In 2016, I was honoured to be appointed the chair of Cambridge University Hospitals, otherwise known as Addenbrooke’s. There, I was privileged to work with some of the world’s most distinguished doctors and biomedical scientists, whose commitment to ground-breaking research was matched only by their determination to see the results implemented to the benefit of the public at large—truly, medical research “from bench to bedside”.

Whatever comes next for the NHS, it is clear that, when it is properly funded—as the noble Lord, Lord Stevens of Birmingham, fought hard for in challenging economic circumstances—its people do wonderful work. This is particularly true when doctors, nurses and other health professionals, both in and out of hospitals, as well as those in public health, work truly collaboratively to help our growing and older population stay in good health for as long as possible.

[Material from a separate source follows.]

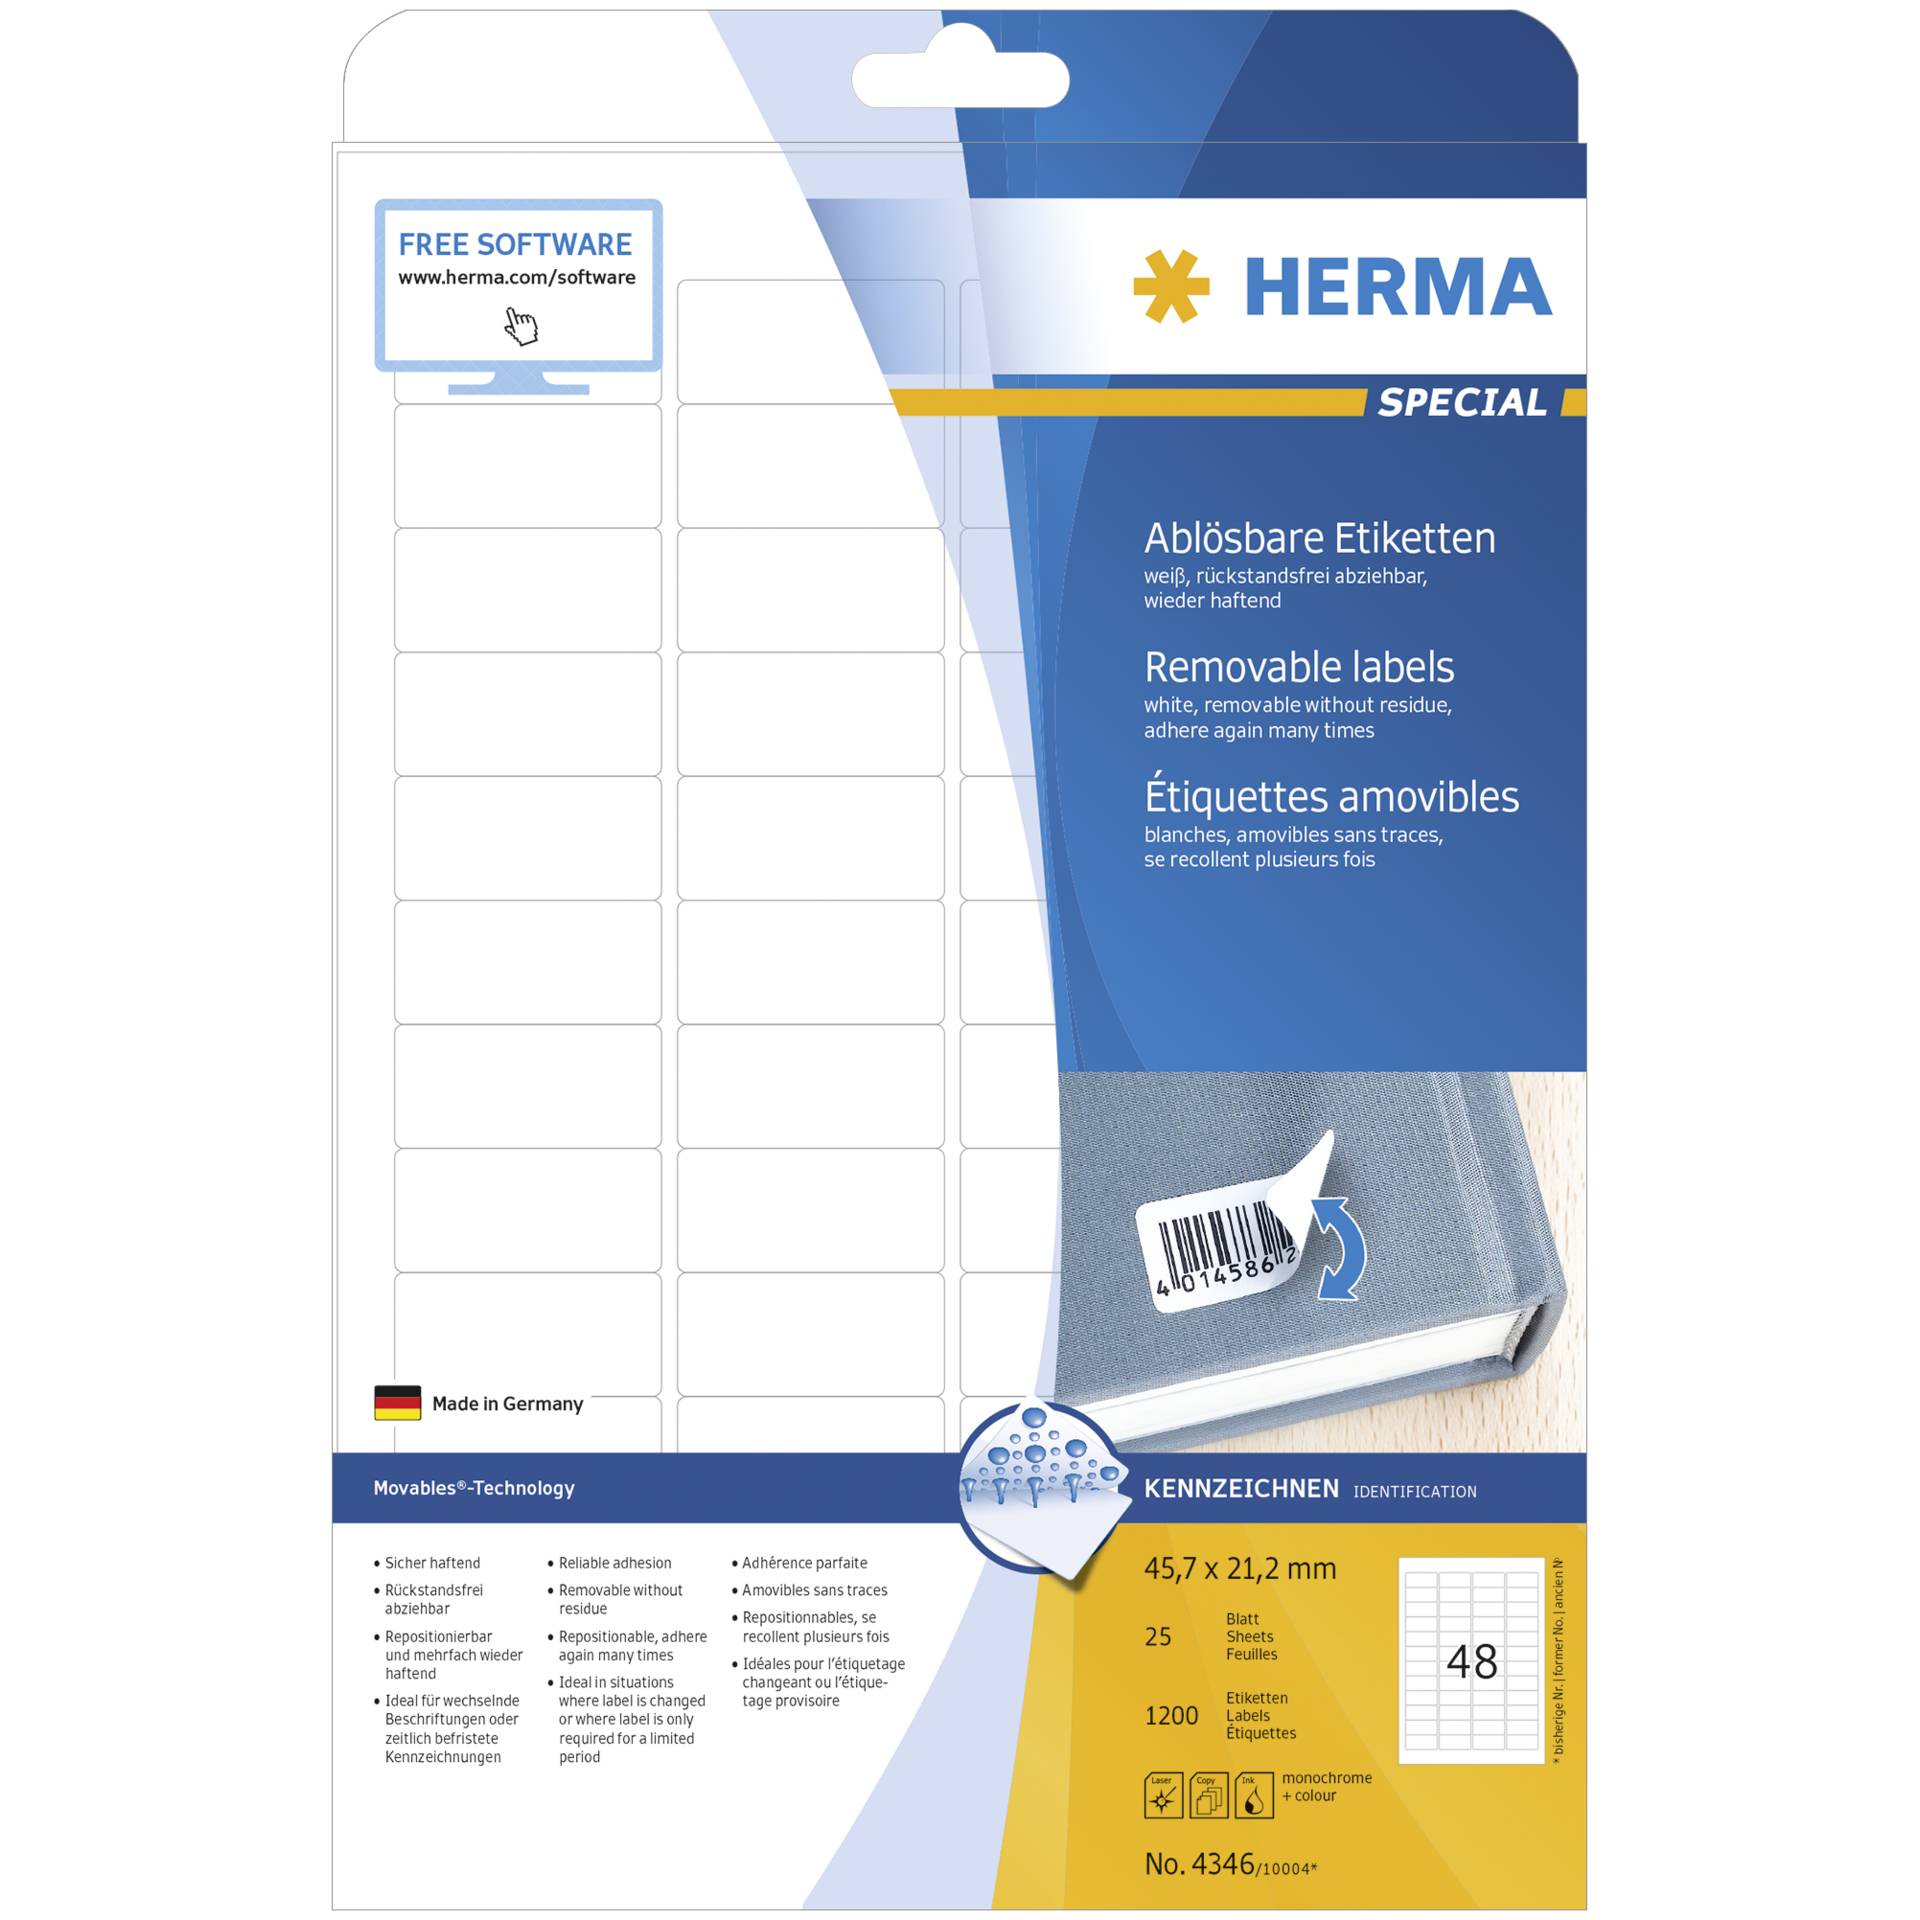 Herma Movables Etichet.45,7x21,2 25 fogli DIN A4 1200 pezzi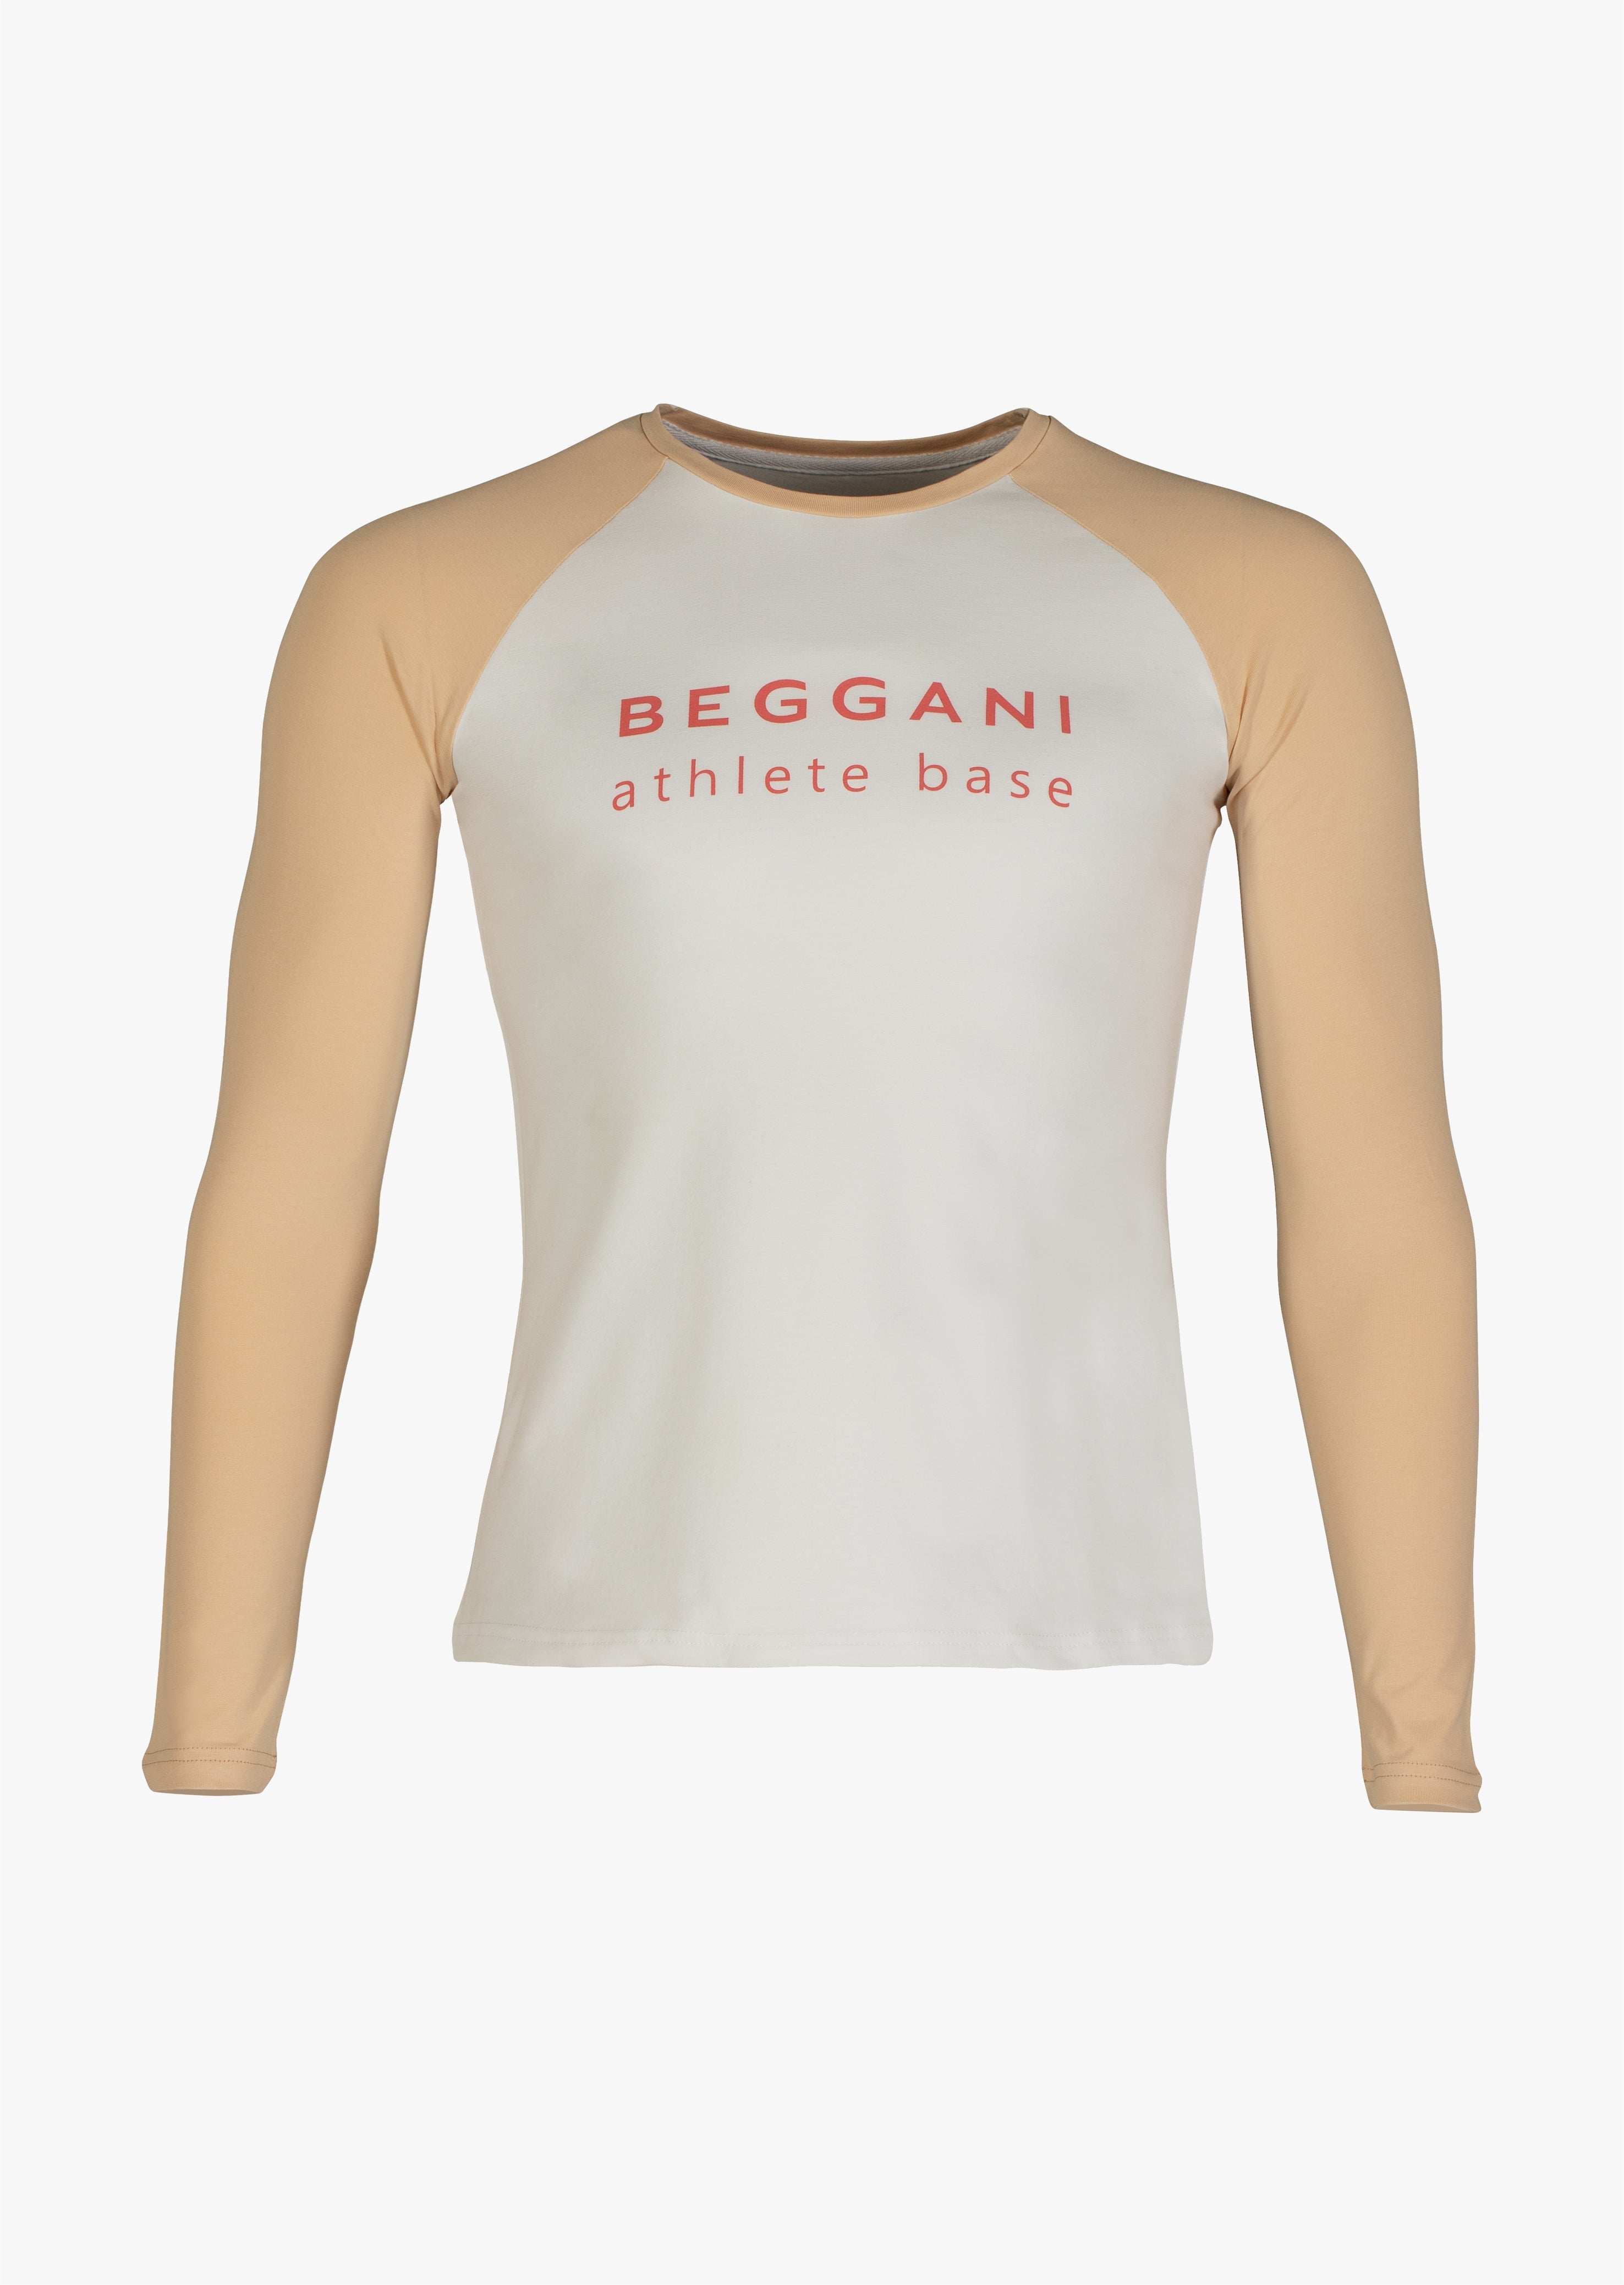 Women's Long-sleeved T-shirt BEGGANI athlete base

In my experience, structural reorganisations designed—however well-meaningly—to try to achieve improvements are trumped every time by positive relationships between clinicians, managers, patients and the public, supported by the right level of funding in the right place, at the right time. This is just as true for the NHS’s engagement with other public services. We are all kept as healthy as possible, and taxpayers’ money is spent well, when the NHS, local government, housing associations and schools work in partnership to support adults and young people with chronic and challenging conditions.

The NHS’s continuous commitment to finding new methods of care, in partnership with others, improved my sister’s life immeasurably over the years. Free healthcare, available to all who need it, at the point of delivery, seemed to my mother like the best thing that a Government could offer its citizens, as she paid those bills long after her mother died. She was right, and said so repeatedly when, 40 years later, my father was being treated for lung cancer. The NHS care that he was able to get at home, from GPs and district nurses, was literally unaffordable for my poor grandmother.

I am grateful to have been able to contribute to this important debate, as well as to hear and learn from so many distinguished noble Lords. I look forward to many more excellent, informed and expert debates in this House—listening carefully to everybody—which this House is famous for.